The rebels had struck our railroad a heavy blow, burning every tie, bending the rails for eight miles, from Big Shanty to above Acworth, so that the estimate for repairs called for thirty-five thousand new ties, and six miles of iron. Ten thousand men were distributed along the break to replace the ties, and to prepare the road-bed, while the regular repair-party, under Colonel W. W. Wright, came down from Chattanooga with iron, spikes, etc., and in about seven days the road was all right again. It was by such acts of extraordinary energy that we discouraged our adversaries, for the rebel soldiers felt that it was a waste of labor for them to march hurriedly, on wide circuits, day and night, to burn a bridge and tear up a mile or so of track, when they knew that we could lay it back so quickly. They supposed that we had men and money without limit, and that we always kept on hand, distributed along the road, duplicates of every bridge and culvert of any importance.

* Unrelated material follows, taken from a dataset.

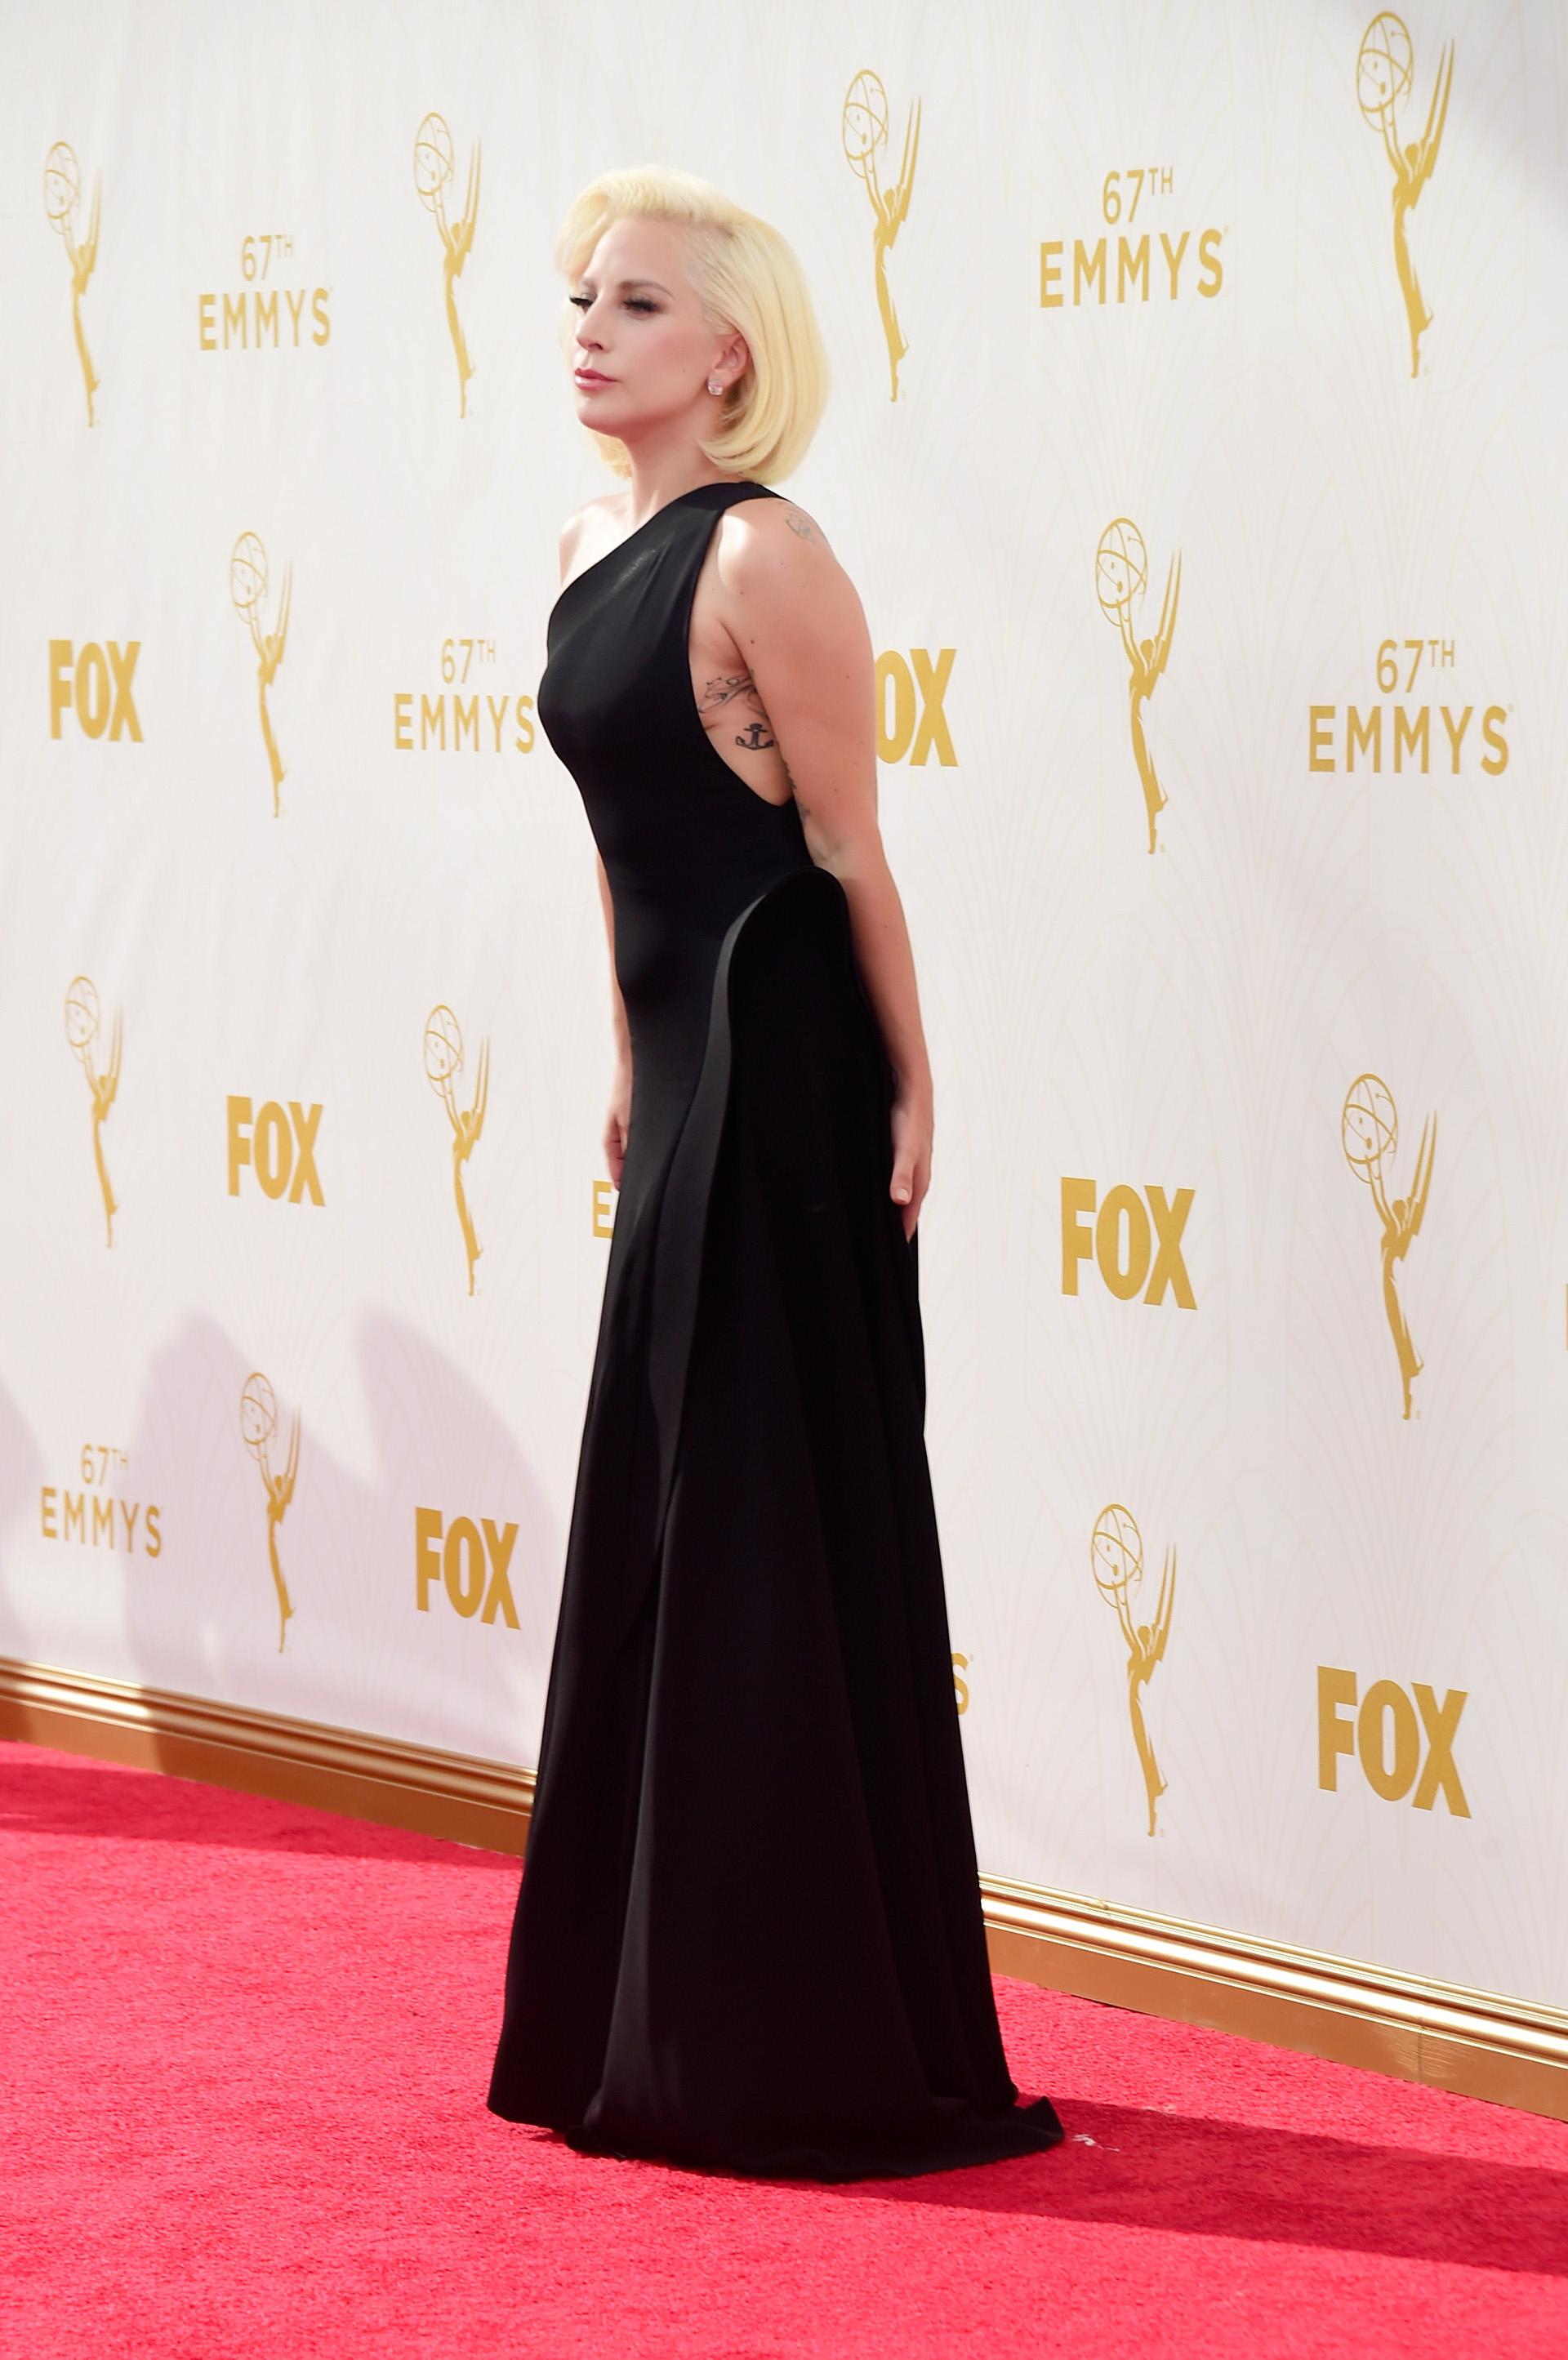 En 2015, la camaleónica Lady Gaga se llevó todas las miradas con un vestido discreto negro. Una apuesta muy refinada que acompañó con una melena corta y platinada ( Frazer Harrison/Getty Images)

A good story is told of one who was on Kenesaw Mountain during our advance in the previous June or July. A group of rebels lay in the shade of a tree, one hot day, overlooking our camps about Big Shanty. One soldier remarked to his fellows:
"Well, the Yanks will have to git up and git now, for I heard General Johnston himself say that General Wheeler had blown up the tunnel near Dalton, and that the Yanks would have to retreat, because they could get no more rations."
"Oh, hell!" said a listener, "don't you know that old Sherman carries a duplicate tunnel along?"
After the war was over, General Johnston inquired of me who was our chief railroad-engineer. When I told him that it was Colonel W. W. Wright, a civilian, he was much surprised, said that our feats of bridge-building and repairs of roads had excited his admiration; and he instanced the occasion at Kenesaw in June, when an officer from Wheeler's cavalry had reported to him in person that he had come from General Wheeler, who had made a bad break in our road about Triton Station, which he said would take at least a fortnight to repair; and, while they were talking, a train was seen coming down the road which had passed that very break, and had reached me at Big Shanty as soon as the fleet horseman had reached him (General Johnston) at Marietta
I doubt whether the history of war can furnish more examples of skill and bravery than attended the defense of the railroad from Nashville to Atlanta during the year 1864.
In person I reached Allatoona on the 9th of October, still in doubt as to Hood's immediate intentions. Our cavalry could do little against his infantry in the rough and wooded country about Dallas, which masked the enemy's movements; but General Corse, at Rome, with Spencer's First Alabama Cavalry and a mounted regiment of Illinois Infantry, could feel the country south of Rome about Cedartown and Villa Rica; and reported the enemy to be in force at both places. On the 9th I telegraphed to General Thomas, at Nashville, as follows:
I came up here to relieve our road. The Twentieth Corps remains at Atlanta. Hood reached the road and broke it up between Big Shanty and Acworth. He attacked Allatoona, but was repulsed. We have plenty of bread and meat, but forage is scarce. I want to destroy all the road below Chattanooga, including Atlanta, and to make for the sea-coast. We cannot defend this long line of road.
And on the same day I telegraphed to General Grant, at City Point:
It will be a physical impossibility to protect the roads, now that Hood, Forrest, Wheeler, and the whole batch of devils, are turned loose without home or habitation. I think Hood's movements indicate a diversion to the end of the Selma & Talladega road, at Blue Mountain, about sixty miles southwest of Rome, from which he will threaten Kingston, Bridgeport, and Decatur, Alabama. I propose that we break up the railroad from Ohattanooga forward, and that we strike out with our wagons for Milledgeville, Millen, and Savannah. Until we can repopulate Georgia, it is useless for us to occupy it; but the utter destruction of its roads, houses, and people, will cripple their military resources. By attempting to hold the roads, we will lose a thousand men each month, and will gain no result. I can make this march, and make Georgia howl! We have on hand over eight thousand head of cattle and three million rations of bread, but no corn. We can find plenty of forage in the interior of the State.